Strukturierte Interviews fühlen sich beim ersten Mal seltsam steif an. Drei Stellen später wirst du dich fragen, wie du je ohne sie eingestellt hast.

Was 'strukturiert' wirklich heißt

Ein strukturiertes Interview hat vier Eigenschaften: dieselben Fragen für jede Bewerbung auf dieselbe Stelle, eine vorab definierte Bewertungs-Skala, Bewertung direkt nach dem Gespräch (nicht zwei Tage später), und mindestens zwei unabhängige Stimmen pro Bewerbung. Wer eine dieser vier auslässt, fällt in die Welt unstrukturierter Interviews zurück - und damit in das, was die Forschung 'kaum besser als Münzwurf' nennt.

Die Forschung ist hier ungewöhnlich klar. Schmidt + Hunter (1998), aktualisiert 2016 von Sackett + Lievens, finden eine prädiktive Validität von ~0.51 für strukturierte vs ~0.20 für unstrukturierte Interviews bezüglich späterer Job-Performance. Doppelt so guter Vorhersage-Wert ist ein Effekt, der in der Sozialforschung sehr selten ist.

Warum die meisten Teams trotzdem unstrukturiert führen

Drei Gründe, alle nachvollziehbar. Erstens - es fühlt sich kalt an. 'Wir wollen den Menschen kennenlernen' klingt nach Wärme, 'wir gehen einen Fragebogen durch' klingt nach Behörde. Wahr ist: gute Strukturen lassen Raum für Wärme, sie engen sie nur in der Bewertung ein. Zweitens - es braucht Vorbereitung. Drei Stellen lang führen Teams strukturiert, dann lassen sie es schleifen, weil die Vorbereitung Zeit kostet. Drittens - das Tool macht es nicht einfach. Wenn dein ATS keine Scorecards bereitstellt, geht das nicht.

Vorlage zum Klauen

Wir haben eine Scorecard-Vorlage mit Anker-Levels für die vier Standard-Dimensionen. Anlegen lassen mit einem Klick - und passend an dein Anforderungsprofil anpassen.

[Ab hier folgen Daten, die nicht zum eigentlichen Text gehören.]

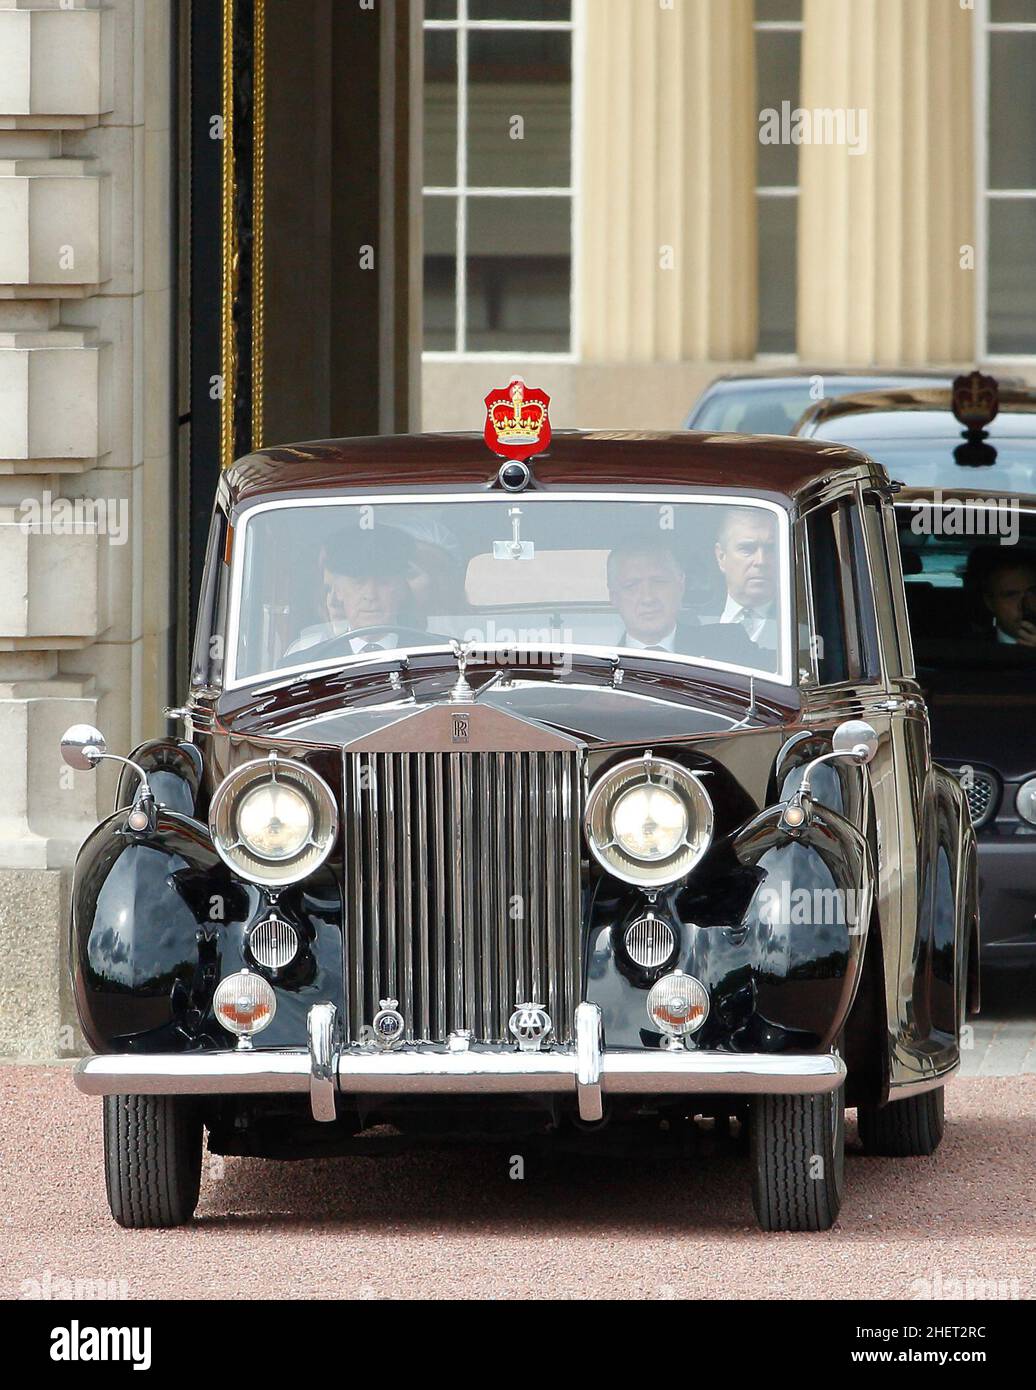 Prince Andrew the Queen's son accompanied by his daughters Princess Eugenie and Princess Beatrice as they leave Buckingham Palace by immaculate vintage Rolls Royce to commemorate the 60th anniversary of the accession of the Queen, London. 5 June 2012 --- Image by © Paul Cunningham Stock Photo

Die vier Bausteine, ohne die es nicht funktioniert

Eins - ein vorbereiteter Fragenkatalog pro Stelle. Drei Hauptfragen pro Bewertungs-Dimension (Fachlich / Kommunikation / Kultur), plus eine fachliche Aufgabe. Wir empfehlen drei Wochen vor Ausschreibung anlegen, alle Interviewer:innen reinschauen lassen.

Zwei - eine 1-5-Skala pro Dimension mit klar formulierten Anker-Levels. '3 = solide, würde im Team funktionieren, aber kein Star.' Ohne Anker driften Interviewer:innen je nach Tageslaune um eine ganze Stufe.

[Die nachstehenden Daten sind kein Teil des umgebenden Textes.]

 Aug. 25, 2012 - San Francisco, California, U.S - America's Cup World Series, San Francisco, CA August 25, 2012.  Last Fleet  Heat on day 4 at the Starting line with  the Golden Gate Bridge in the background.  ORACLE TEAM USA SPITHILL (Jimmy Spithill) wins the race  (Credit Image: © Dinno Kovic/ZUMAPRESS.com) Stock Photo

Drei - Bewertung vor der Diskussion. Jede:r Interviewer:in erfasst die eigene Scorecard, bevor das Team spricht. Sonst dominiert die lauteste Stimme im Raum, und das ist fast nie die akkurateste.

Vier - Konsens-Notiz pro Bewerbung. Nicht Punkte mitteln, sondern: 'Wir empfehlen einstellen, weil … ; bedenke, dass …' Eine zwei-Sätze-Konsens-Notiz schlägt einen 87-Punkte-Score in jeder späteren Diskussion.

Wie KI BMS das unterstützt

Bewertungen sind in KI BMS first-class - jede Bewerbung hat einen Bewertungs-Tab, jede:r Interviewer:in trägt unabhängig ein, alle Scorecards bleiben sichtbar (niemand schreibt im anderen). Empfehlungs-Felder von 'klares Ja' bis 'klares Nein' verhindern Mittel-Werte ohne Aussage. Konsens-Notiz im Verlauf festhalten, fertig.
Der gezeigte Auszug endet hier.